Domain Events
Events are the heart of event sourcing. They represent facts—things that have happened. In this crate, events are first-class structs, not just enum variants.
The DomainEvent Trait
pub trait DomainEvent: Serialize + DeserializeOwned {
/// Unique identifier for this event type (used for serialization routing)
const KIND: &'static str;
}
Every event struct implements this trait:
#[derive(Clone, Debug, Serialize, Deserialize)]
pub struct OrderPlaced {
pub product_id: String,
pub quantity: u32,
pub unit_price: i64,
}
impl DomainEvent for OrderPlaced {
const KIND: &'static str = "order.placed";
}
Why First-Class Structs?
This crate keeps events as separate structs rather than enum variants.

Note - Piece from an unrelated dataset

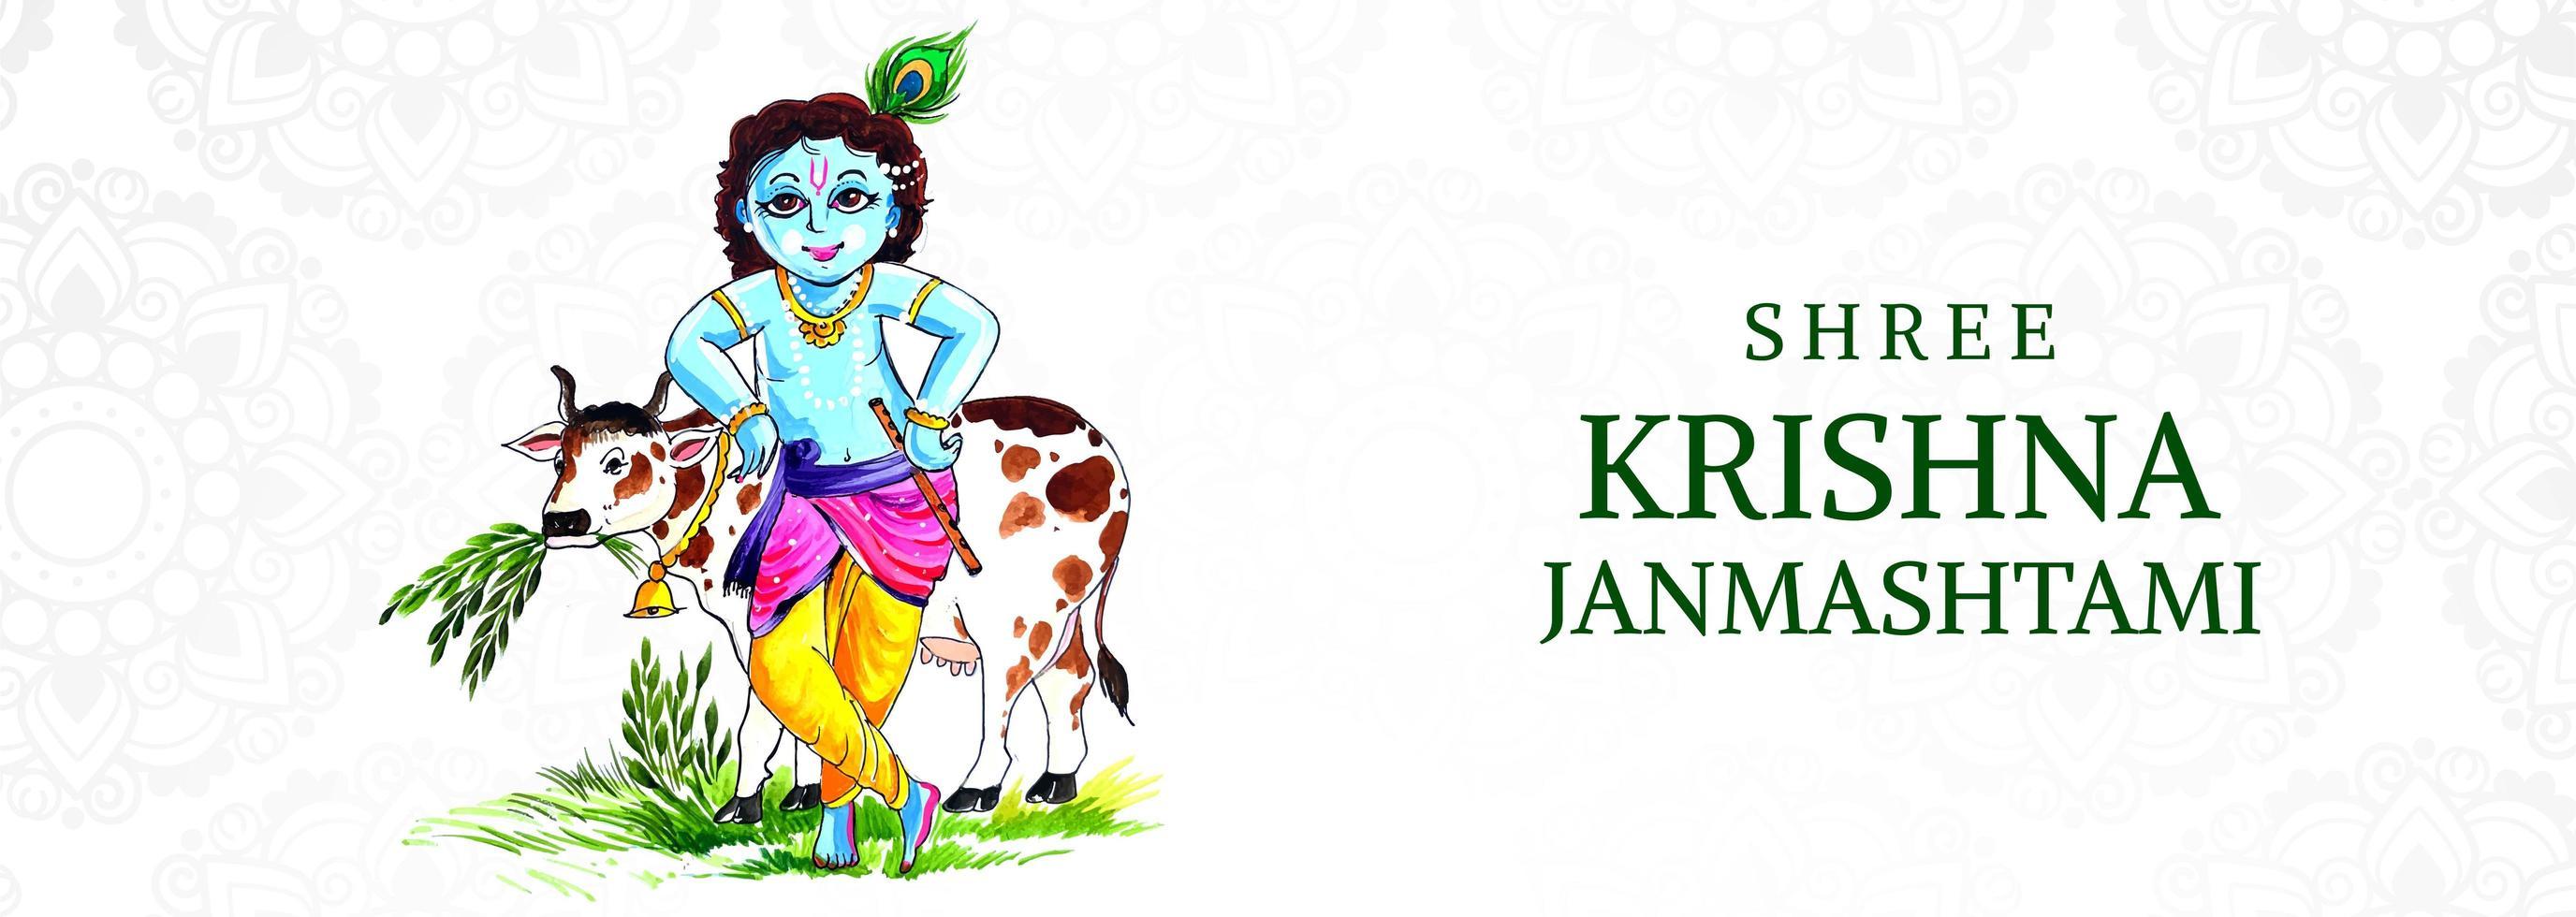 glad krishna lutar sig på ko janmashtami festival banner vektor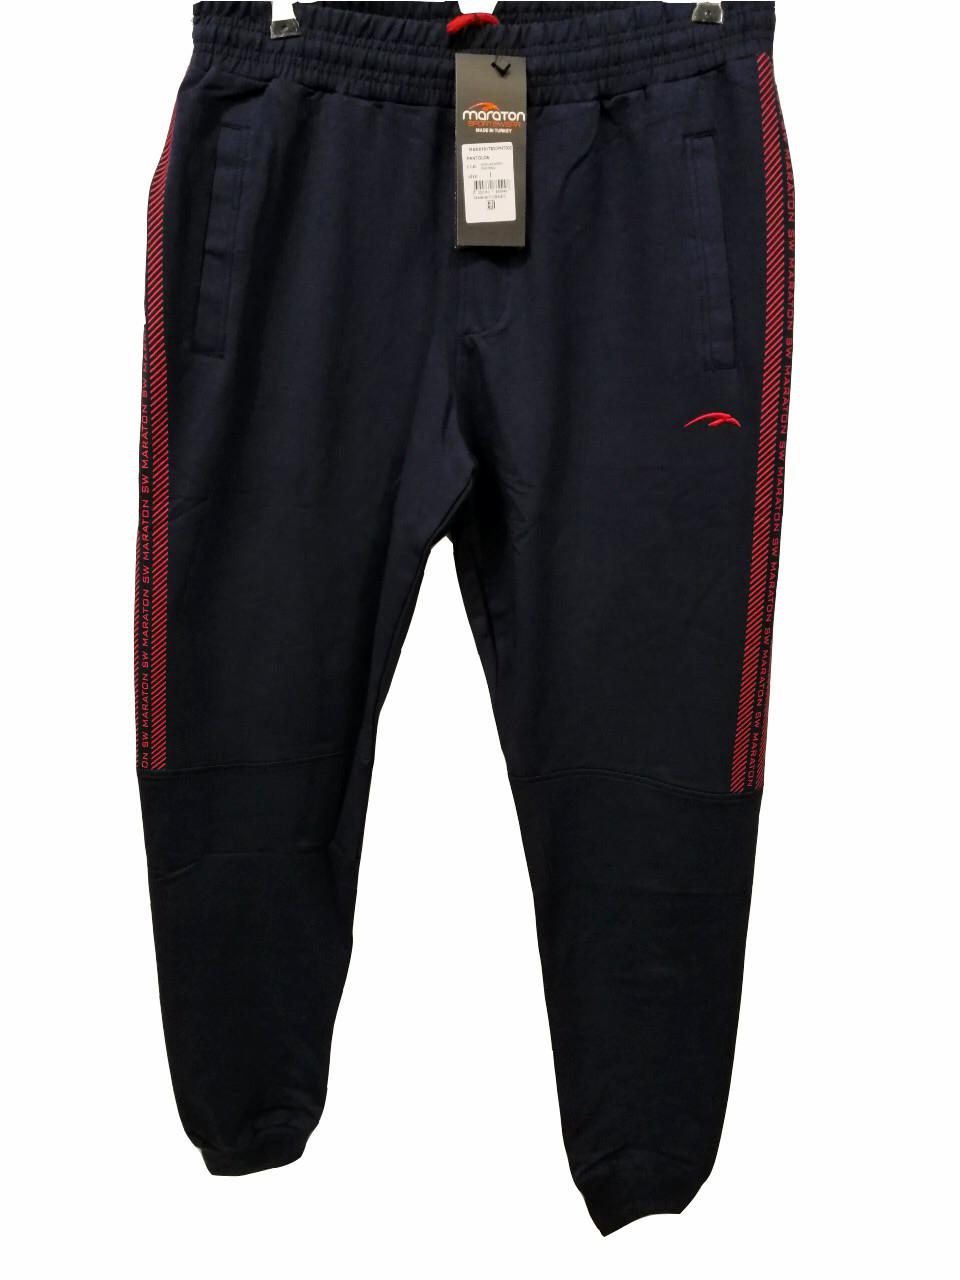 Брюки мужские трикотажные Maraton модель 7830 спортивные штаны на манжетах Маратон производство Турция

Benefits:
- Reuse — Same event type in multiple aggregates
- Decoupling — Projections subscribe to event types, not aggregate enums
- Smaller scope — Import individual event structs
The derive macro generates the aggregate’s event enum internally—you get the best of both worlds.
Naming Conventions
Events are past tense because they describe things that already happened:
| Good | Bad |
|---|---|
OrderPlaced | PlaceOrder |
FundsDeposited | DepositFunds |
UserRegistered | RegisterUser |
PasswordChanged | ChangePassword |
Use KIND constants that are stable and namespaced:
const KIND: &'static str = "order.placed"; // Good
const KIND: &'static str = "OrderPlaced"; // OK
const KIND: &'static str = "placed"; // Too generic
The KIND is stored in the event log and used for deserialization, so it must never change for existing events.
Event Design Guidelines
- Include all necessary data — Capture values at event time (e.g., price when ordered)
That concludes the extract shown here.